According to DeepMind , it has created an AI model called RoboCat that can operate a variety of robotic arm models and perform a variety of tasks. That isn’t particularly novel on its own. However, DeepMind asserts that the model is the first to be able to handle numerous tasks and adapt to them while using various, actual robots.
According to Alex Lee, a research scientist at DeepMind and a team member on the RoboCat project, “we demonstrate that a single large model can solve a diverse set of tasks on multiple real robotic embodiments and can quickly adapt to new tasks and embodiments.”

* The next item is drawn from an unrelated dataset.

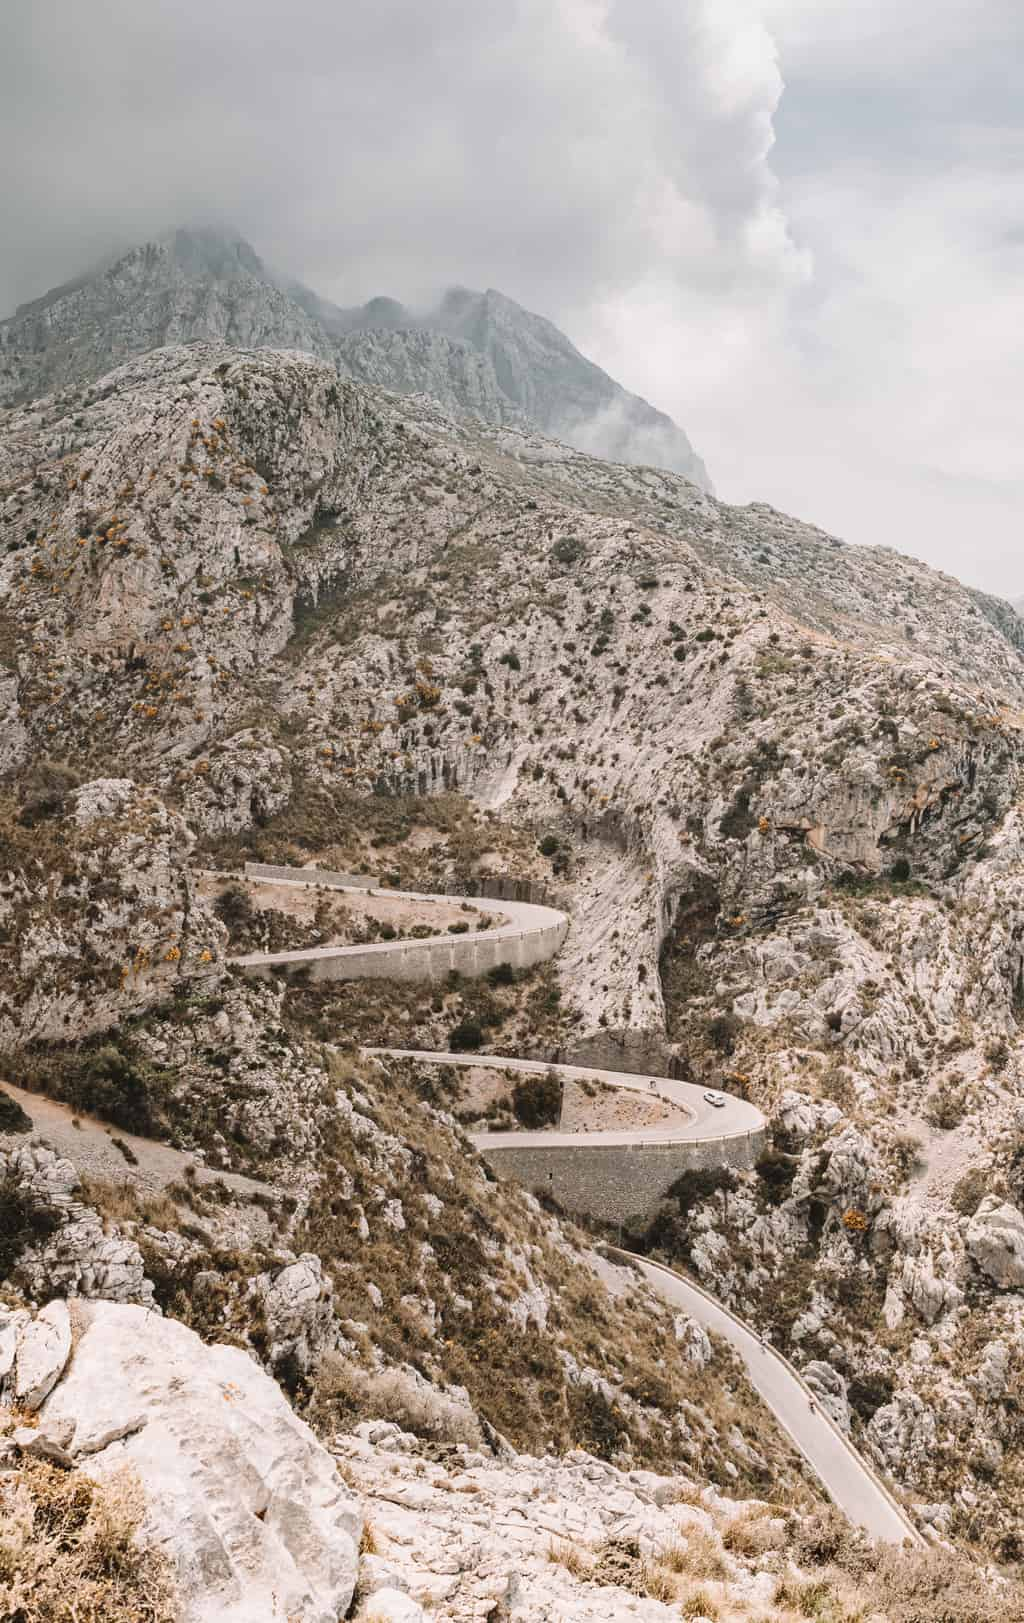 Road to sa calobra beach in Mallorca

RoboCat, which drew inspiration from Gato, a DeepMind AI model capable of analyzing and acting on text, images, and events, underwent training using a combination of images and actions data obtained from robotics in both simulation and real-life scenarios.The data, Lee says, came from a combination of other robot-controlling models inside of virtual environments, humans controlling robots and previous iterations of RoboCat itself.
Demonstrations of a Task
To train RoboCat, researchers at DeepMind first collected between 100 to 1,000 demonstrations of a task or robot using a robotic arm controlled by a human. (Think having a robot arm pick up gears or stack blocks.) Then, they fine-tuned RoboCat on the task, creating a specialized “spin-off” model that practiced on the task an average of 10,000 times.
Leveraging both the data generated by the spin-off models and the demonstration data, the researchers continuously grew RoboCat’s training dataset — and trained subsequent new versions of RoboCat.
The final version of the RoboCat model underwent training on a total of 253 tasks and underwent benchmarking on a set of 141 variations of these tasks, both in simulation and in the real world.
DeepMind claims that, after observing 1,000 human-controlled demonstrations collected over several hours, RoboCat learned to operate different robotic arms.
Although RoboCat had received training on four types of robots with two-pronged arms, the model demonstrated the ability to adapt to a more complex arm equipped with a three-fingered gripper and twice the number of controllable inputs.